* _Exercise instructions_
Could you transcribe all of the data exactly and skip any pictures?

* _Source data_
-------

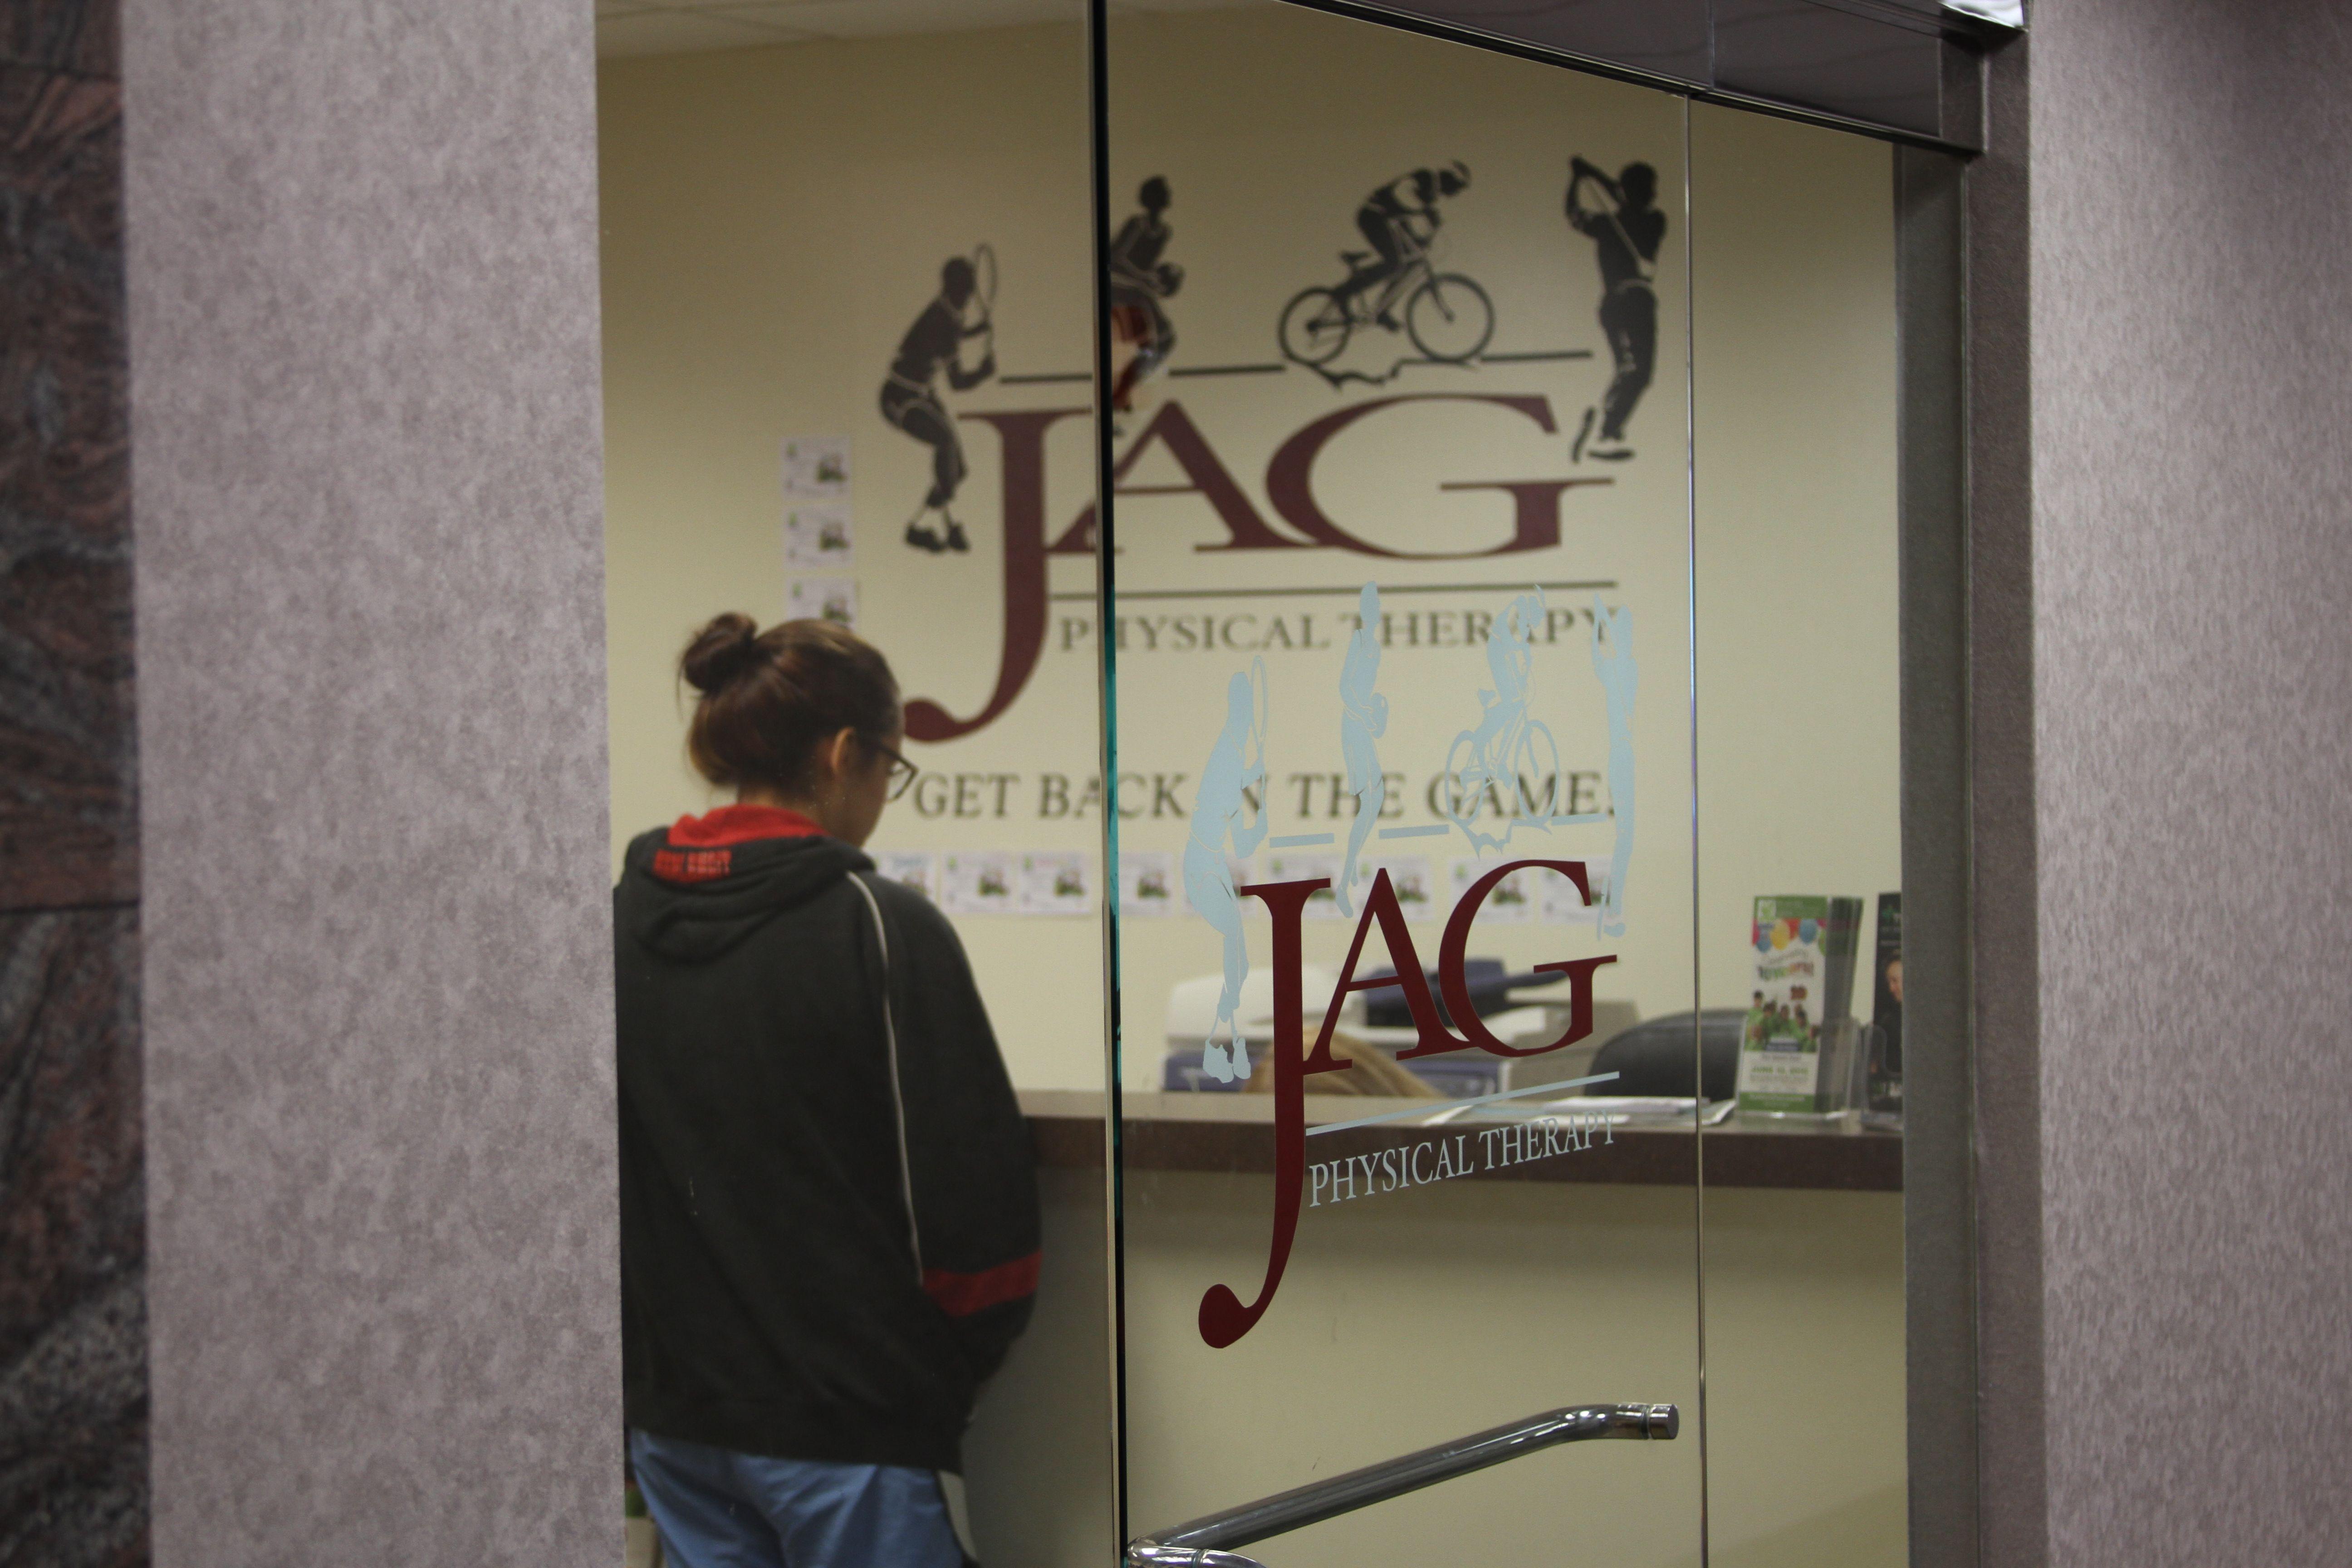 Entrance to JAG Suite
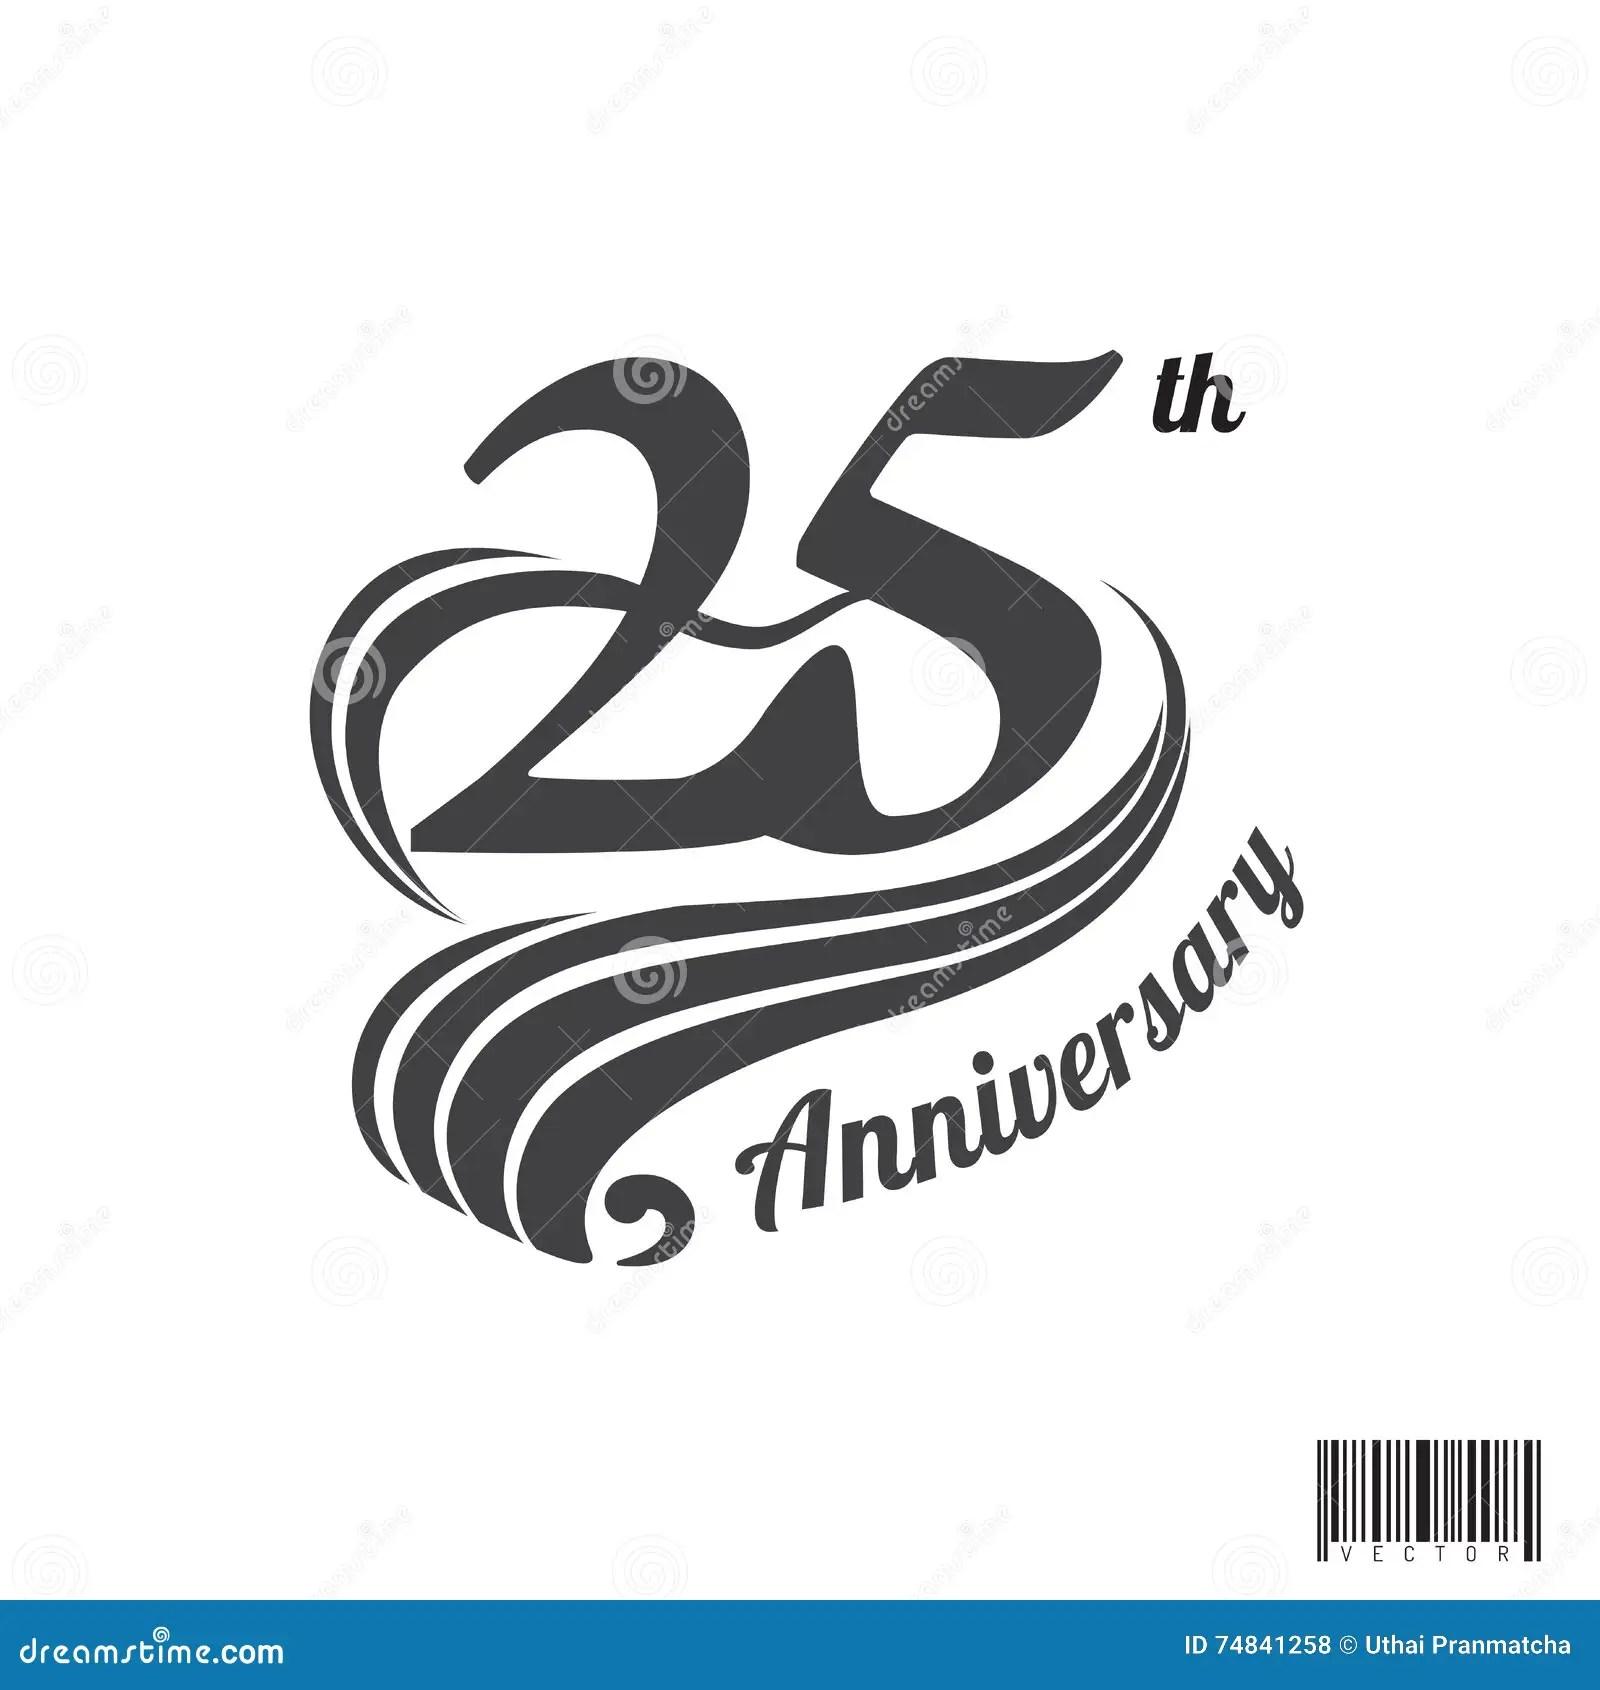 25 Th Anniversary Logo And Symbol Design Stock Vector
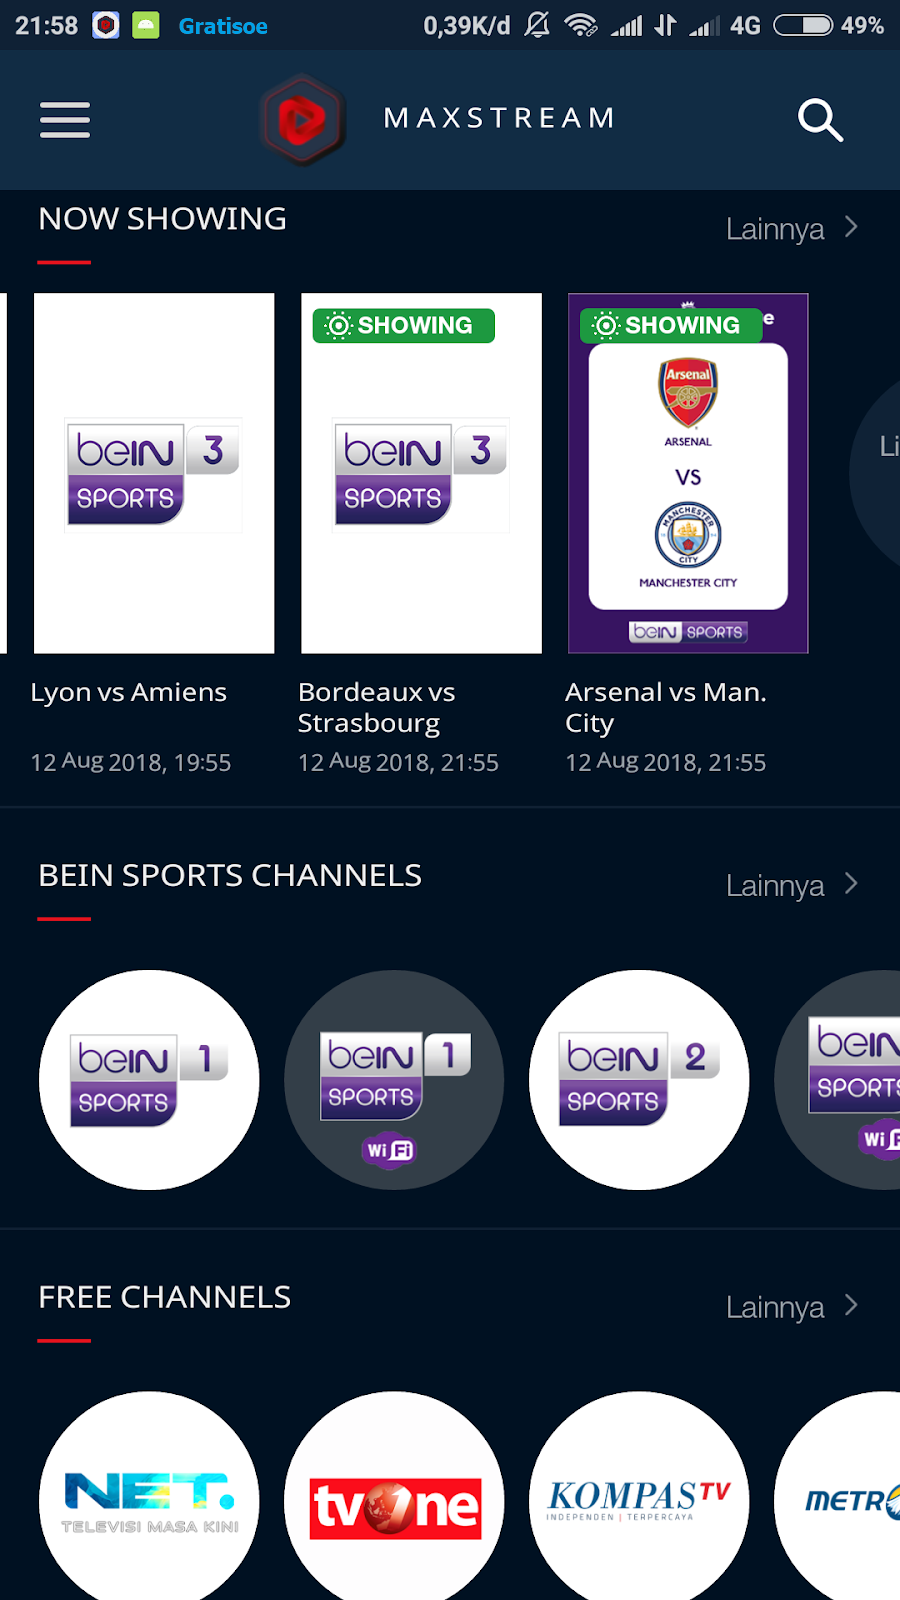 Aplikasi Maxstream Telkomsel Bisa Buat Nonton Streaming Bola Liga

-------

* _Written response_
 Entrance to JAG Suite
 25 Th Anniversary Logo And Symbol Design Stock Vector
 Aplikasi Maxstream Telkomsel Bisa Buat Nonton Streaming Bola Liga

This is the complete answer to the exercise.